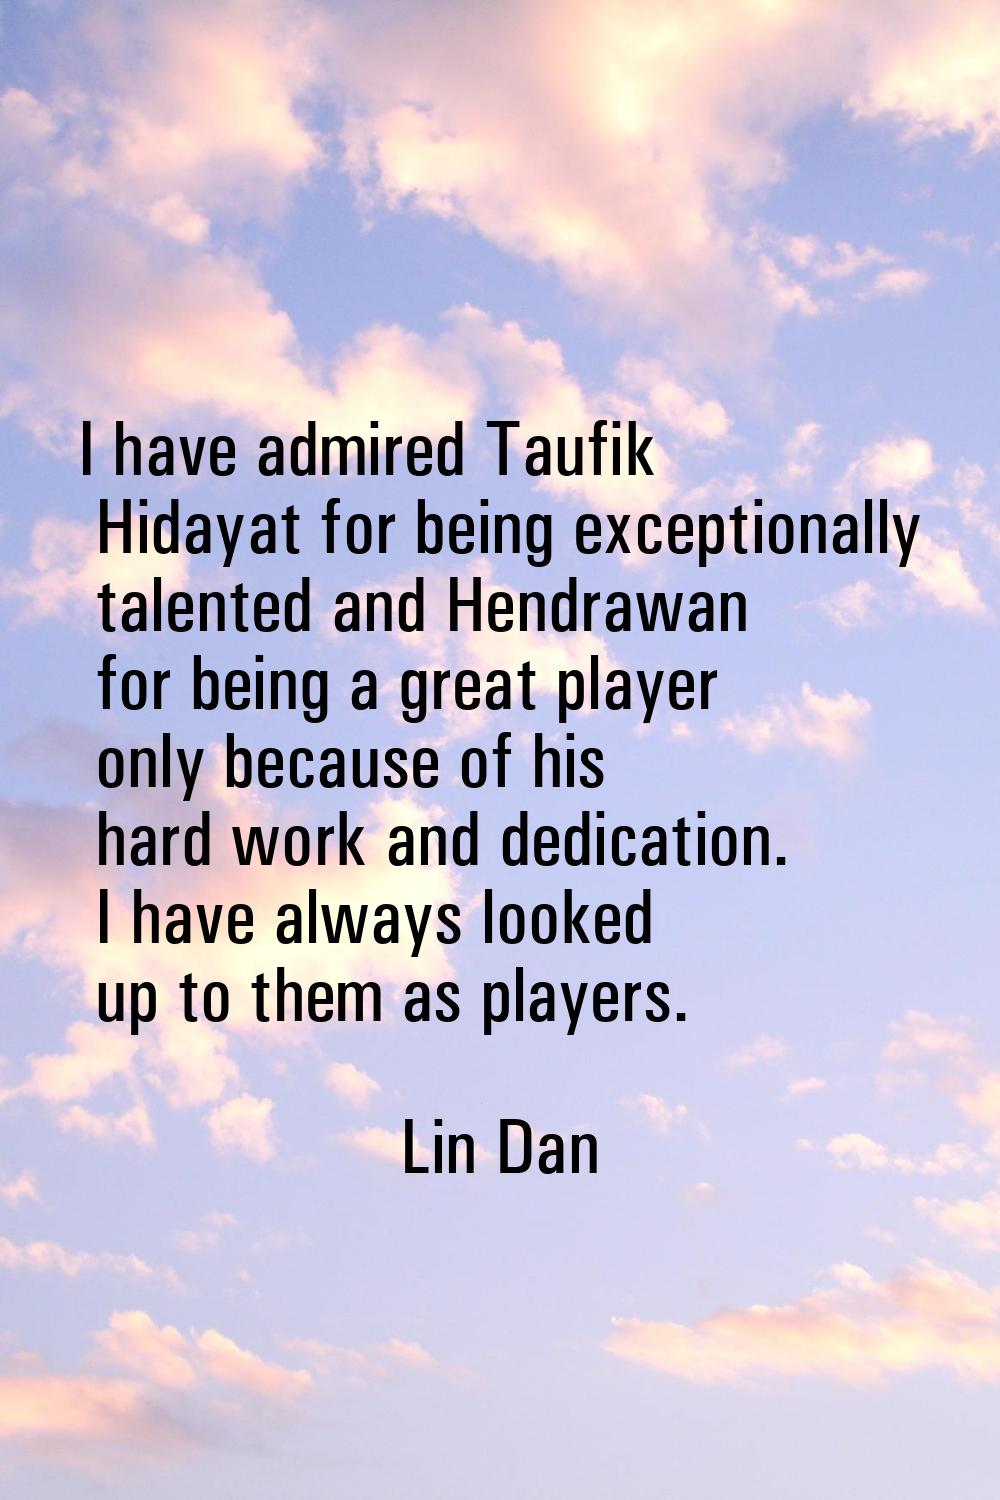 I have admired Taufik Hidayat for being exceptionally talented and Hendrawan for being a great play
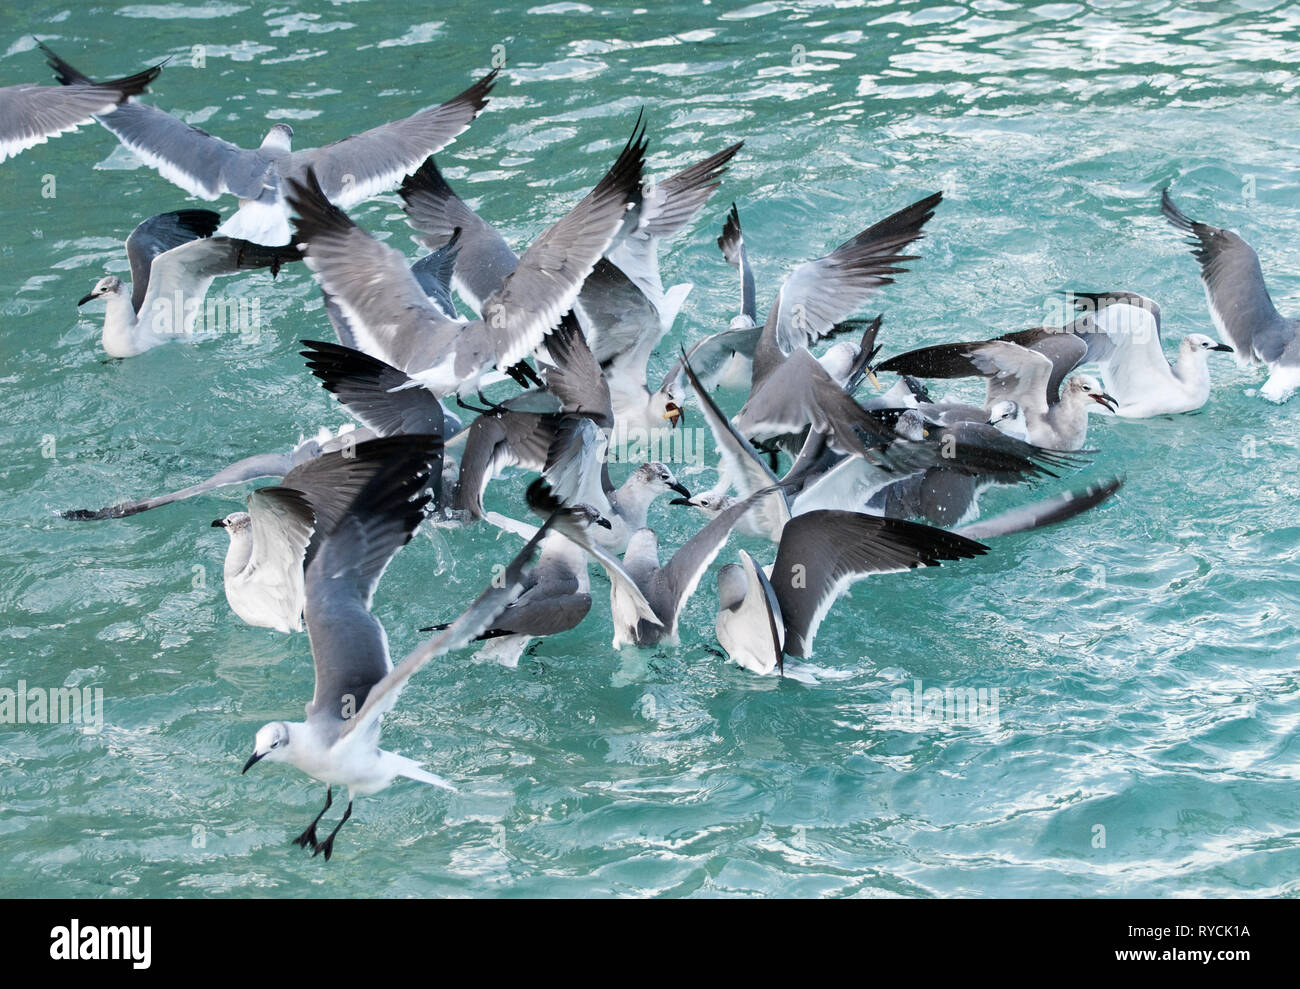 The group of seagulls fighting for food that was dropped by tourists (Nassau, Bahamas). Stock Photo
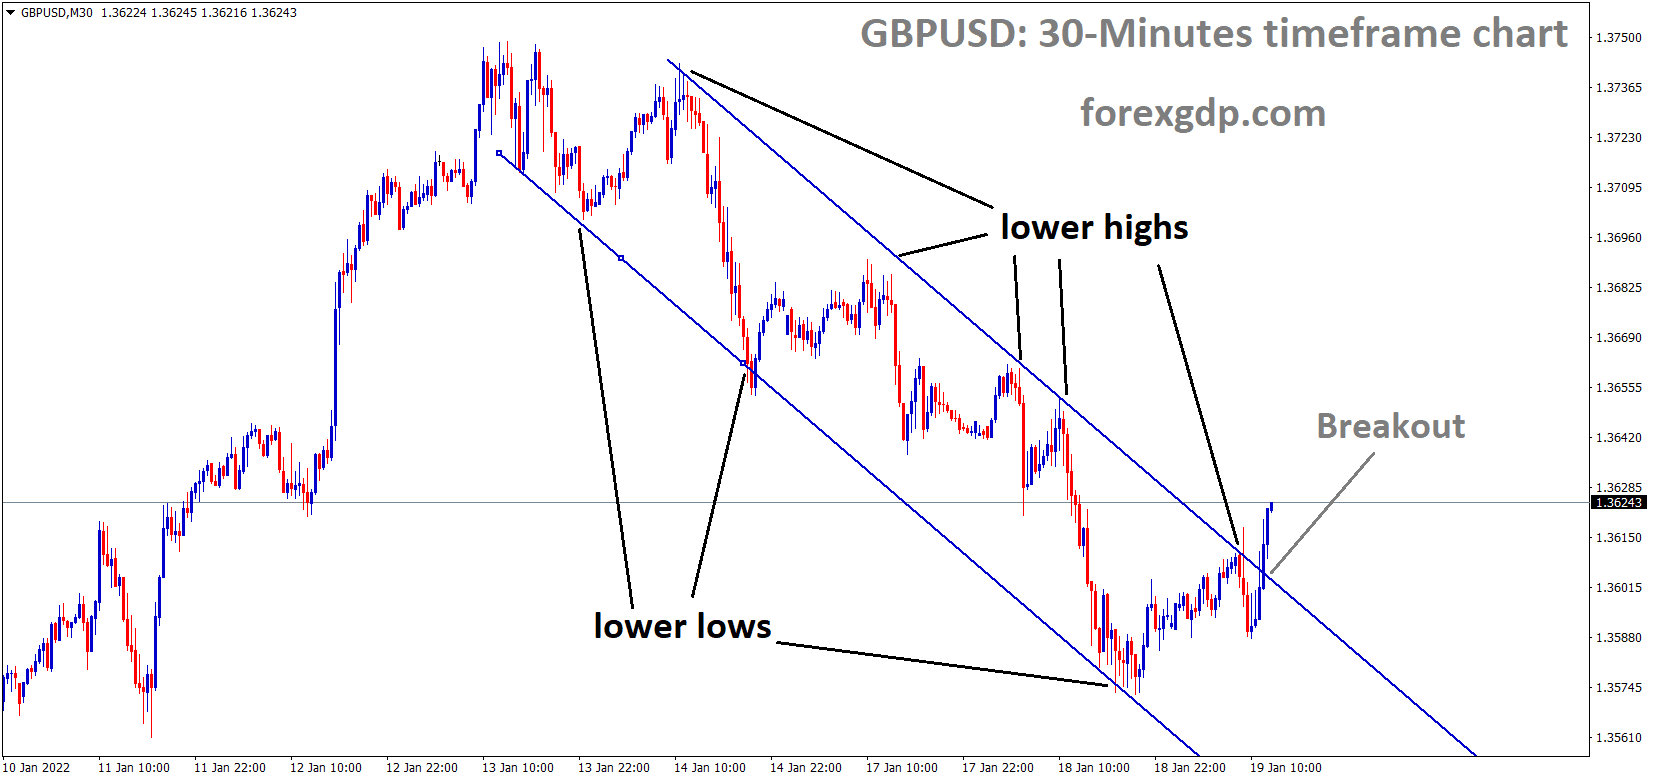 GBPUSD is moving in the Descending channel and the market has broken the lower high area of the Descending channel

- [What is expected]
If a picture falls within the span, leave it out, and reproduce exactly the lines from the one containing "The group of" through the end of the material, and no others.

- [Problem solution]
 The group of seagulls fighting for food that was dropped by tourists (Nassau, Bahamas). Stock Photo
 GBPUSD is moving in the Descending channel and the market has broken the lower high area of the Descending channel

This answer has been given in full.